After Mass it was time for a much needed coffee and panini in a nearby cafe, and we then walked back to the Hofburg to the National Art Gallery (via an irresistible ice-cream shop which served up the most delicious "Mozart" ice-cream. Yes, I know it's horrible touristy, but the combination of marzipan and chocolate ice-cream was just too good to miss.....) The Art Gallery was overwhelmingly packed with a great selection of international art, including some wonderful Breughels and a few Carravaggios. A few hours later, we left feeling very square eyed and in need of a sit down. Which was just as well, as we then had to sit for an hour and a half in a queue for standing seats (surely a contradiction in terms?) at the Opera House. Lured by the promise of tickets for only 4 euros, we were stuck in a darkened stuffy corridor for what seemed like an age, while a rather alarming man in a gilt edged uniform patrolled up and down and told us that if we moved at all, we would lose our places in the queue. Once the queue finally got moving, we were shepherded through several different spot checks, stood in a couple more random queues, apparently for no reason at all, and physically moved around by the now female but equally alarming woman manning the queue, to ensure that we were standing two by two shoulder to shoulder to enter the Opera House. When we finally got in with very frayed tempers on all sides, we were informed that we could mark our places by tying on to the railings, either a scarf or a ribbon. No other item of fabric was apparently appropriate. It being a boiling hot day, we didn't really have many scarves between us, and none of us are in the habit of carrying around lengths of ribbon. So we had to stay in our places for the remaining half hour before the opera began to make sure that the hard earned spots weren't lost. To add insult to injury, the third alarming person in charge of queueing chose this moment to inform us that we weren't allowed bags inside the Opera House, meaning that we would have to go back to the beginning of the queue and do the whole bally thing again. The only possible response to tyranny being subterfuge, we all united by sitting on our bags to hide them, denied all knowledge of suspicious bulges and felt very like oppressed peasants.

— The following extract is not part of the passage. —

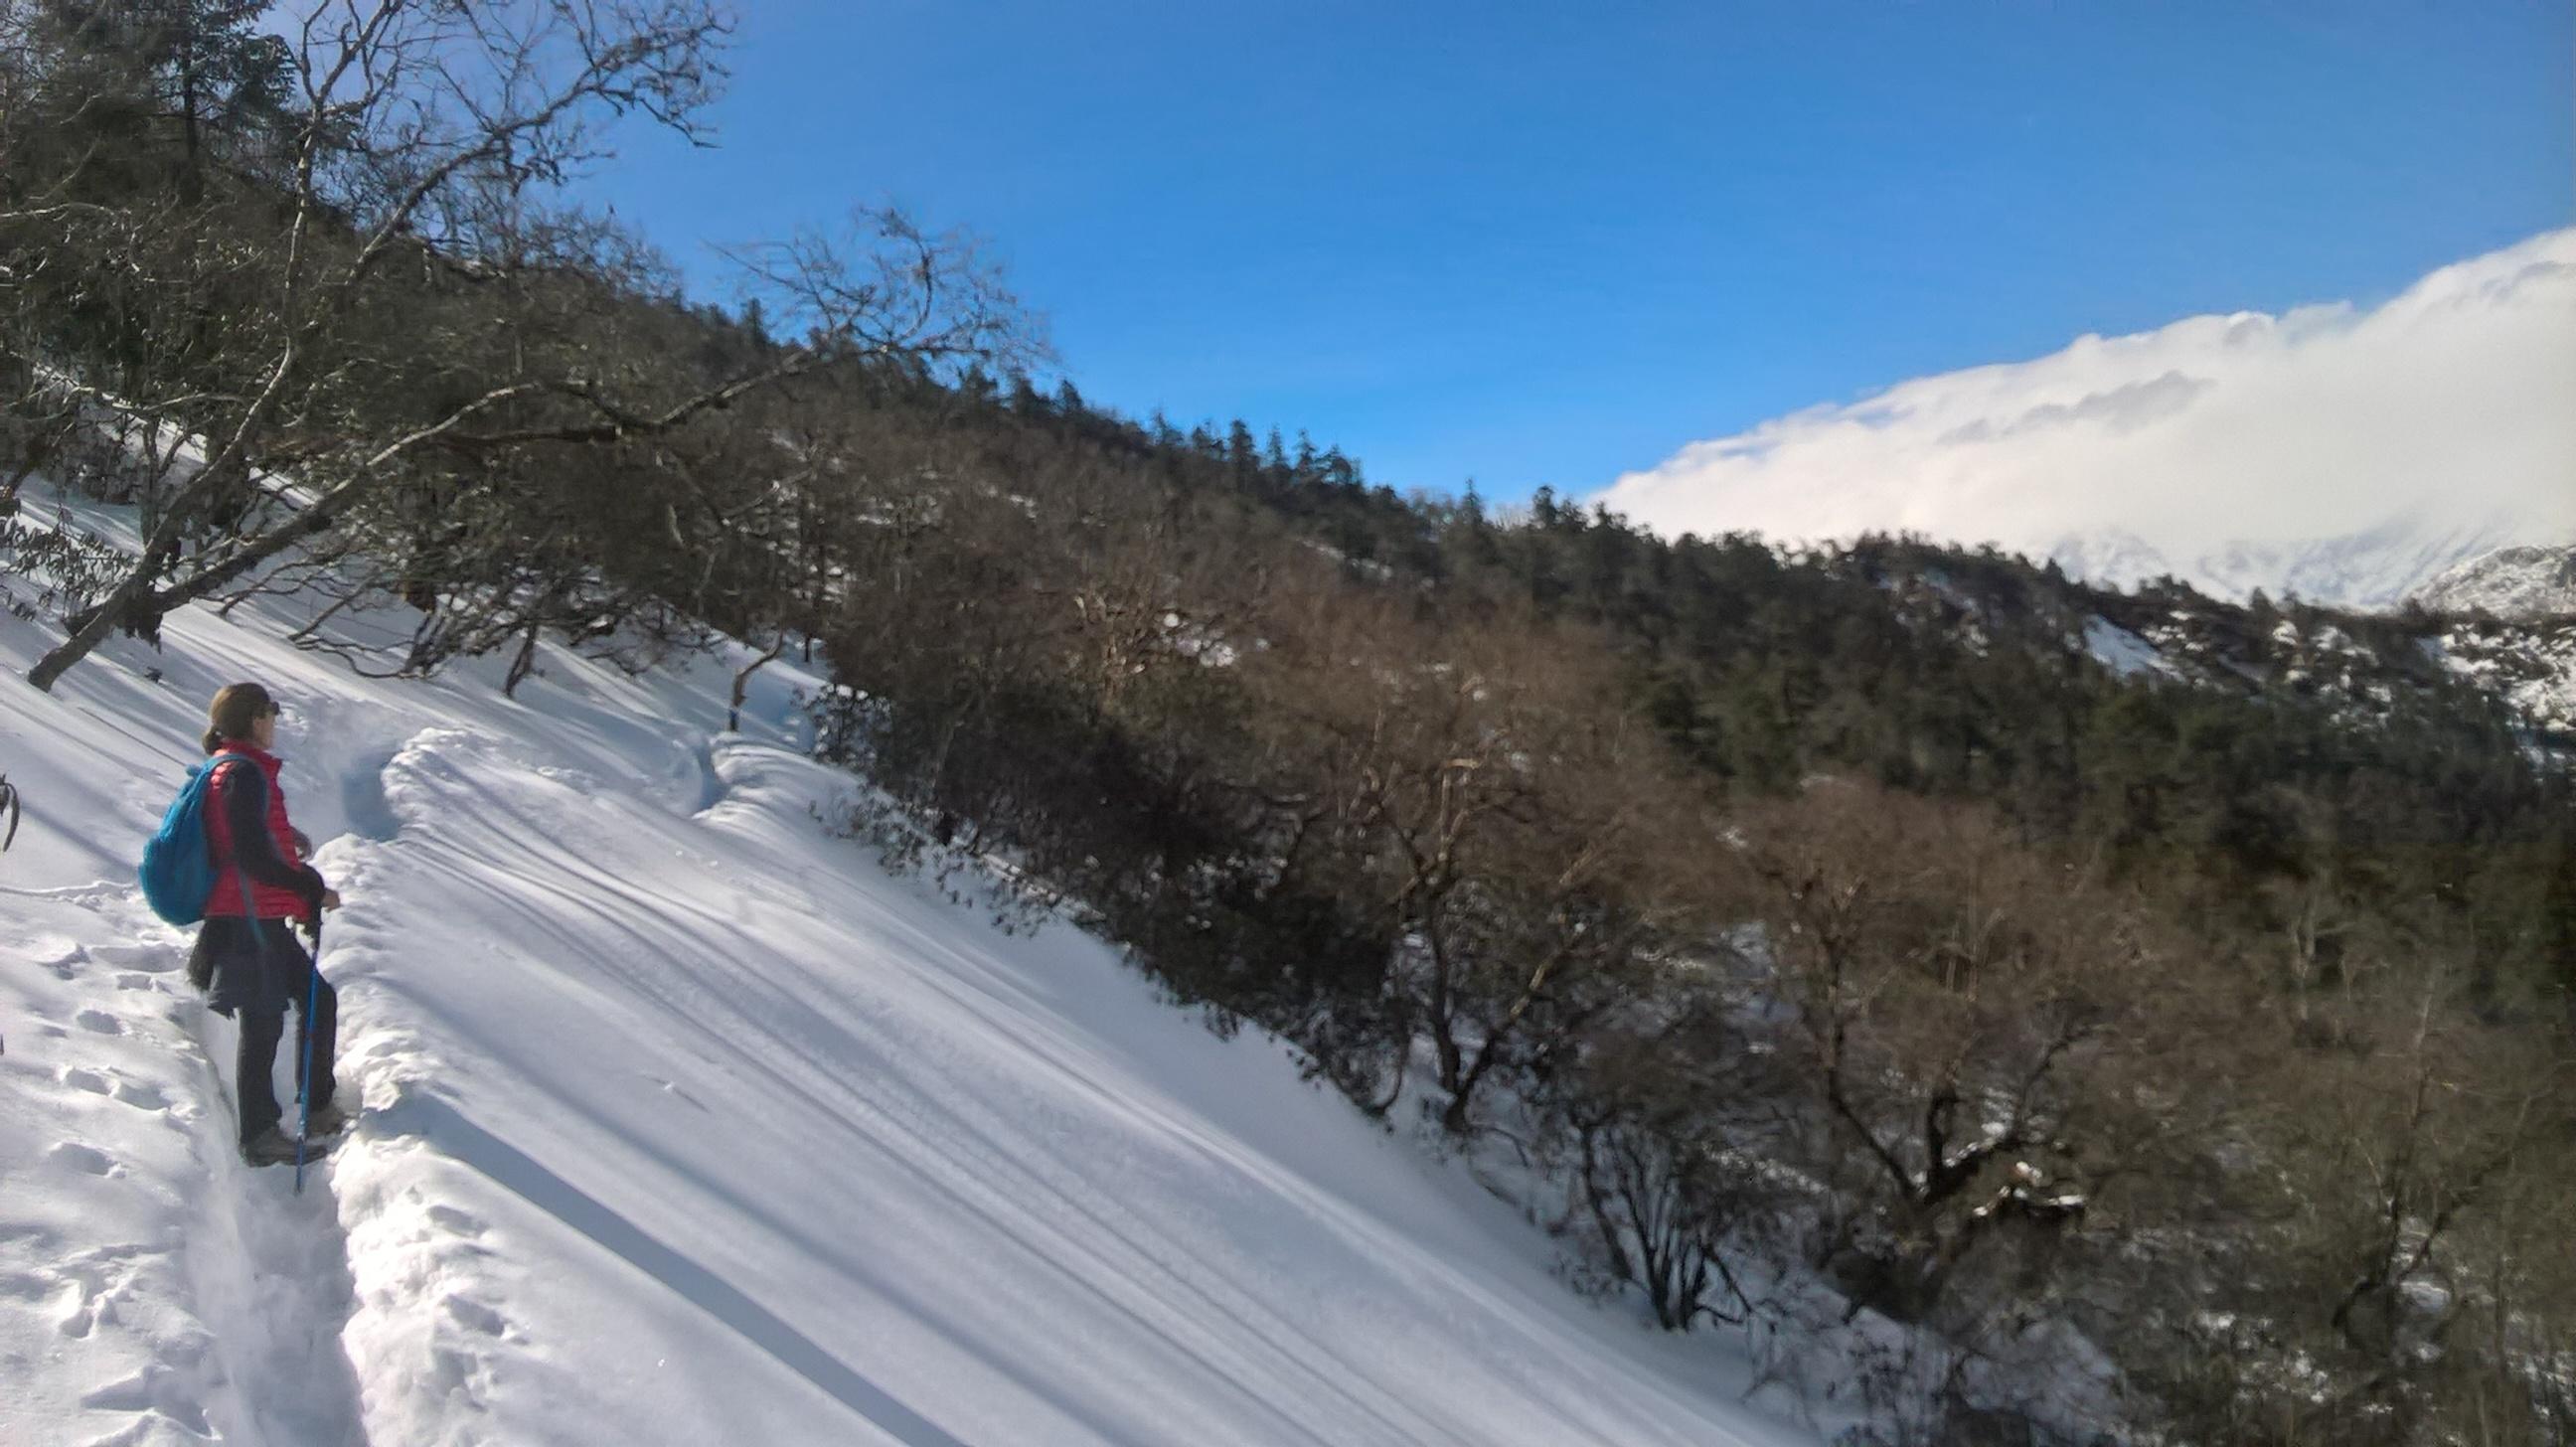 The Snow Trek to Muldai Viewpoint

It has to be said however, that we had a fabulous view and very much enjoyed the opera. It was L'Elisir D'Amore by Donizetti which is a very enjoyable farce, involving a foolish peasant who is conned into buying wine which he thinks is a love potion which will make the beautiful local land lady fall in love with him...you get the general idea. The singers were great, although the music wasn't much to write home about until the second half, which included the beautiful aria Una Furtiva Lacrima. The brilliant tenor performing it was just unbelievably good. Keira and I were both in tears, and the audience clapped and shouted so much that he had to perform it again (to the surprise of the soprano lead who came on to continue the opera and had to make a precipitate exit). After the second time, he had a standing ovation from the entire house. Unforgettable. I have definitely been converted to tenors. Go and look up the aria now - you won't be disappointed.

It was a very late ending to the day, as we had to wait nearly two hours for a bus back to Bratislava in the bus station God forgot in the less than lovely suburbs of Vienna. Finally arriving at the flat around 2, we crashed out in bed. A weekend of non-stop culture and luxury can be terribly exhausting, darling.